How to prove that $\text{Ker}(A)=\text{Ker}(A^2)$ if $A$ is a normal operator?

Question

Prove that $\text{Ker}(A)=\text{Ker}(A^2)$ if $A$ is a normal operator.

I know that that $\text{Ker}(A)\subseteq \text{Ker}(A^2)$, which I proved as follows: $x\in \text{Ker}(A) \implies Ax=0\implies(AA)x=A(Ax)=0\implies x\in \text{Ker}(A^2)$

Answer 1

While this should be clear from the spectrum theorem, it can be established directly.

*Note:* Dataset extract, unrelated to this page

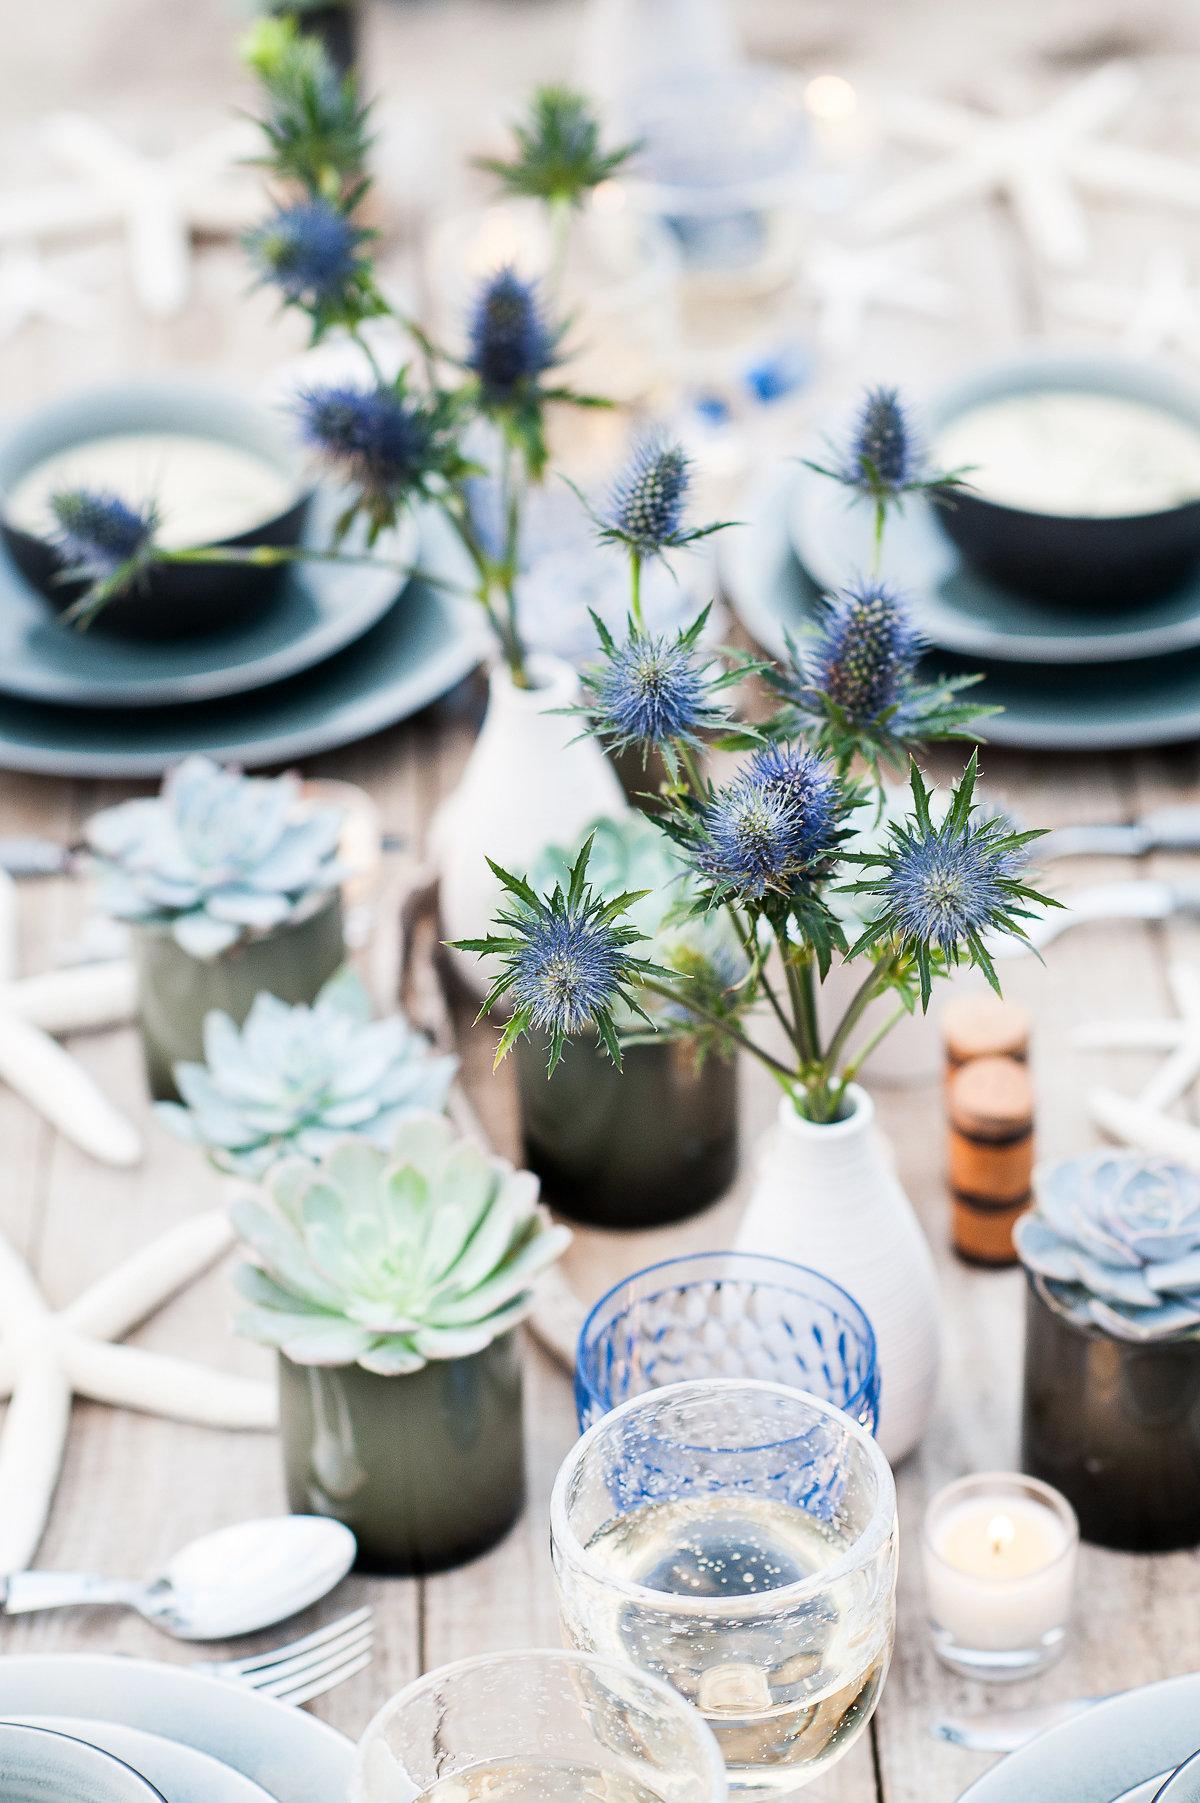 calista-one-lista-de-bodas-online-blog-de-bodas-inspiracion-decoracion-mesas-paula-franco-16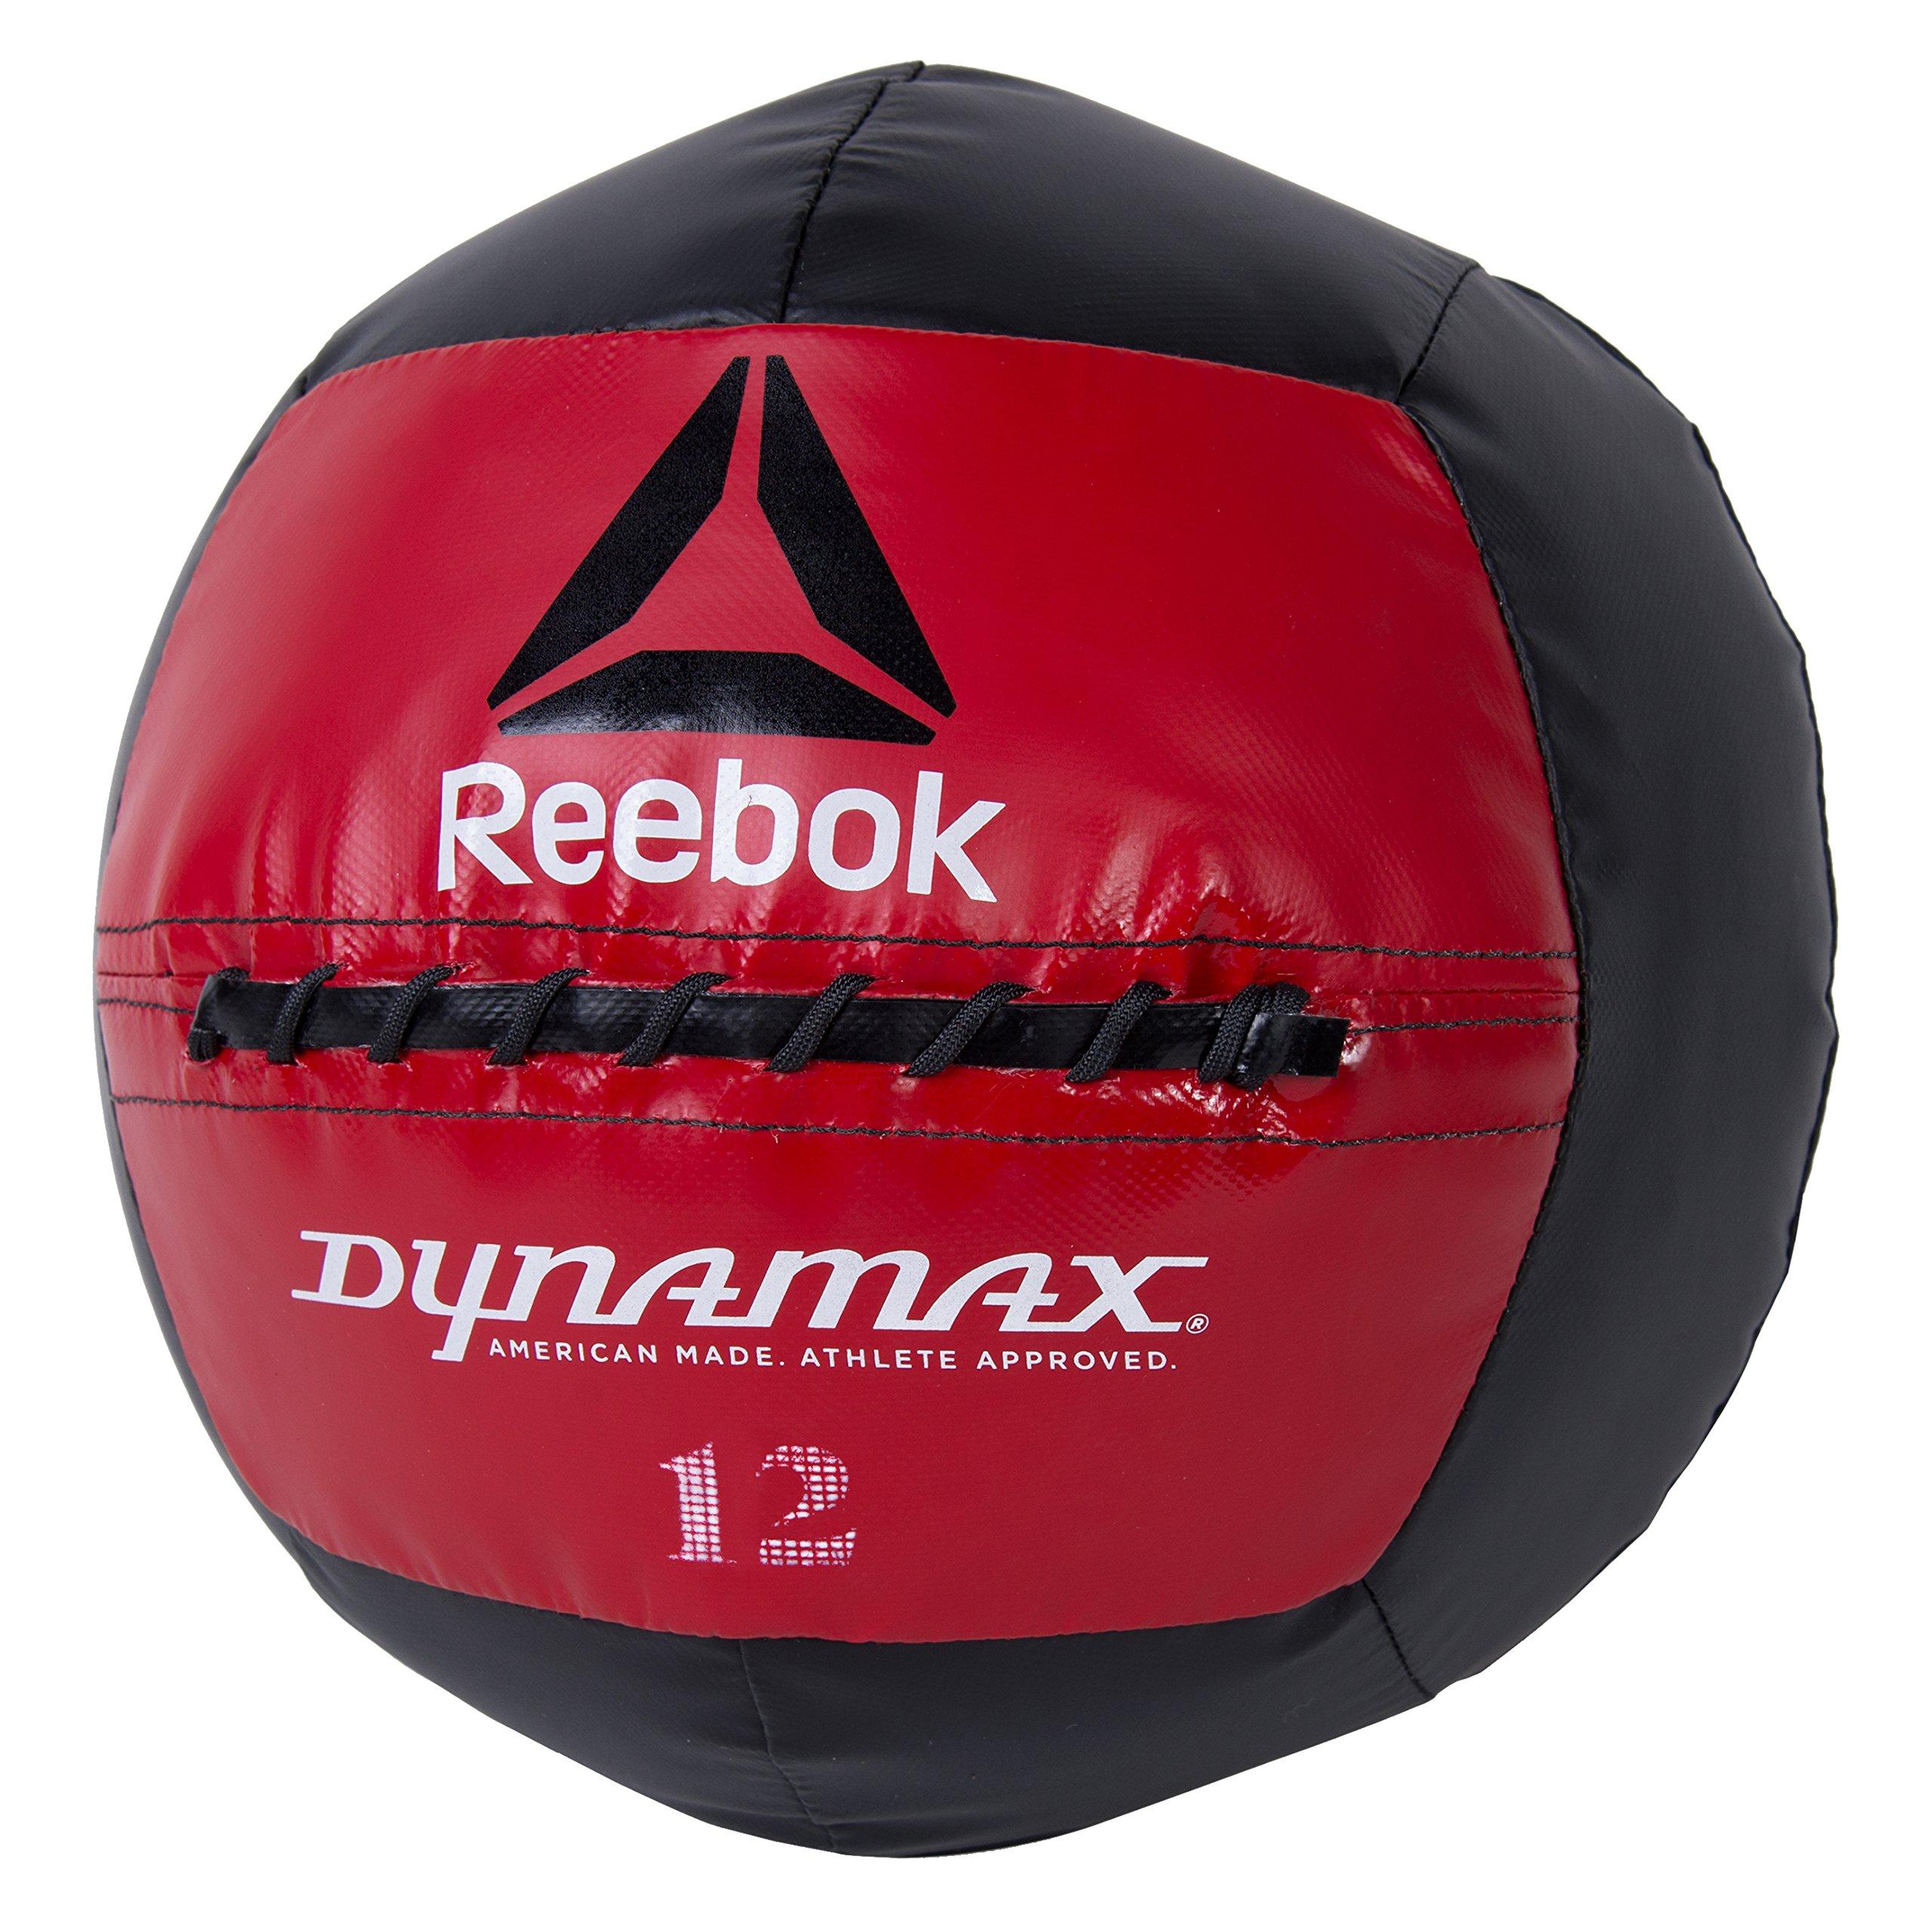 Reebok Soft-Shell Medicine Ball by Dynamax, 12 lbs

If $A^2x=0$, then $$0=(A^2x, A^2x)=(Ax, A^*A^2x)=(Ax, AA^*Ax)=(A^*Ax, A^*Ax)$$

Thus $A^*Ax=0$, hence $$0=(A^*Ax, x)=(Ax, Ax)$$

So $Ax=0$.

Answer 2

Any normal operator $A$ has the same kernel as its adjoint (since $\|Ax\|^2=(A^*Ax,x)=(AA^*x,x)=\|A^*x\|^2$), hence

$$A^2x=0\Rightarrow Ax\in\ker A=\ker A^*\Rightarrow0=(0,x)=(A^*Ax,x)=\|Ax\|^2.$$